Each time you mindfully let go of thoughts about how life should be, or how life was, let go of the ifs buts and maybes and what ifs and woe is me's and enjoy life as it is, you change your brain. I become very calm when I do this. And the more you do this the more you strengthen that choice 'muscle' making the habit of mindfulness easier and easier. In essence, in every moment there is a choice. But of course if you are like me you forget to do this when you have enough time on your hands to chew through your elbows! If you are like me in no time at all you feel pitiful and pathetic. In essence you give up your personal power. How's them two p's!! But I know - absolutely - that by just pausing and focusing on, for example, taking a deep breath, or on each footstep while taking a walk, savouring the taste of a bite of food, I will get to not only live those few moments to the fullest, but slowly get back into the habit of being mindful.

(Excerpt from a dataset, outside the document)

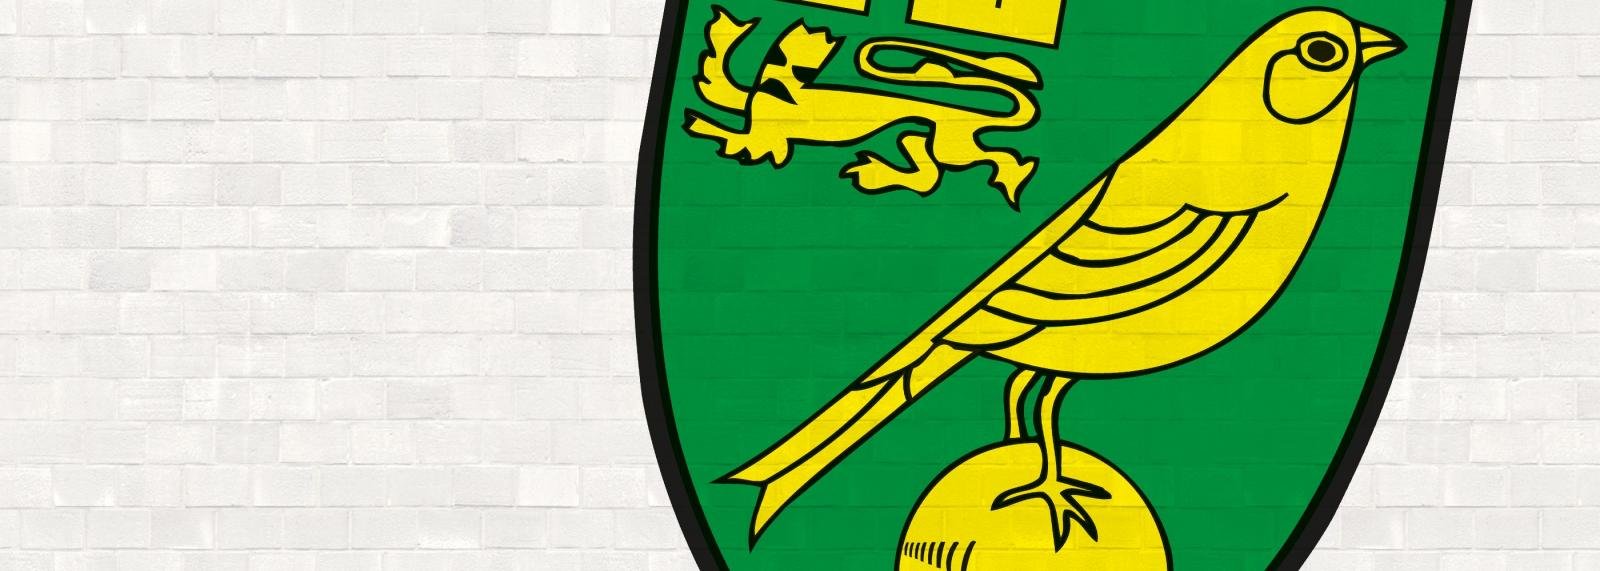 Norwich launch loan bid for Premier League title contenders’ €8m summer signing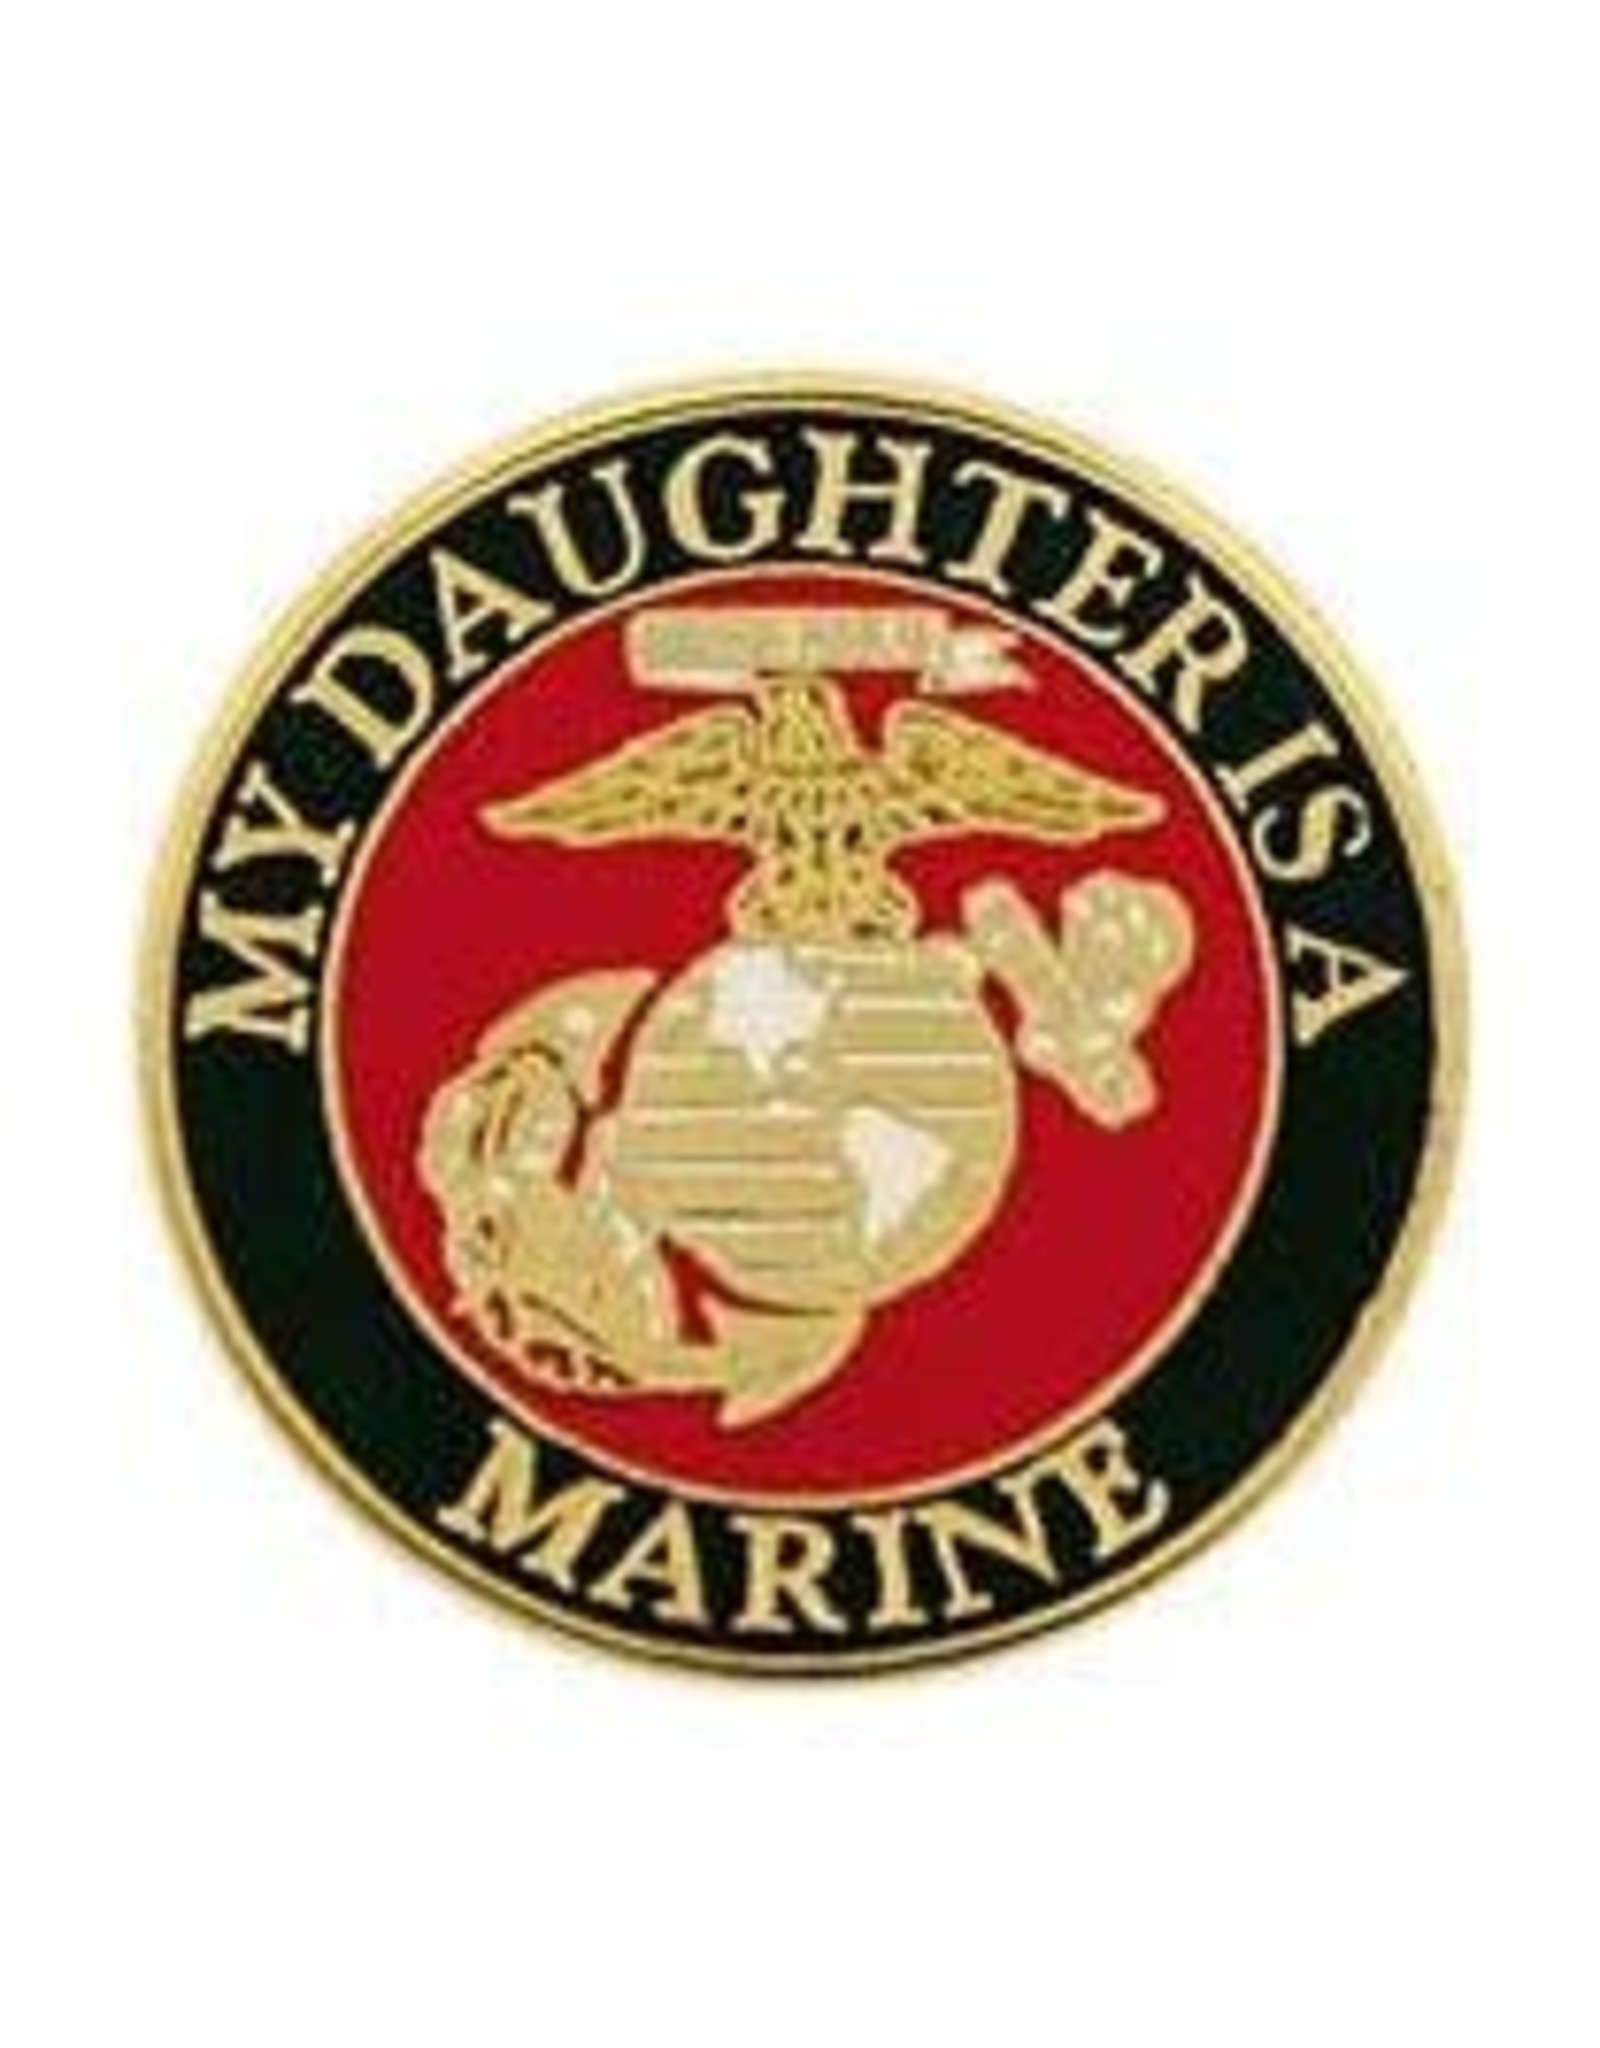 Pin - USMC Logo Daughter is a Marine

When it comes down to it our mind is the only thing keeping us from living in the present.
Does that mean that we mustn't think about the past or the future? In a word, hell no. Not possible. Logic tells us that we generally plan for the future based on past actions. However by being mindful, by living skillfully in the present, we will be doing well what we have to do now, even if that means that what we are doing now is looking back to plan for the future. Yes I know, slightly convoluted pondering.
“The secret of health for both mind and body is not to mourn for the past, worry about the future, but to live in the present moment wisely and earnestly.” – Buddha
"Let us be grateful to people who make us happy; they are the charming gardeners who make our souls blossom." - Marcel Proust
“I'm selfish, impatient and a little insecure. I make mistakes, I am out of control and at times hard to handle. But if you can't handle me at my worst, then you sure as hell don't deserve me at my best."- Marilyn Monroe
This is always where I clam up. Not just here but out there in the real world; or is this part of the real world now? I sometimes feel that one's friends should be asked to fill in these gaps but that is a bit like passing the buck.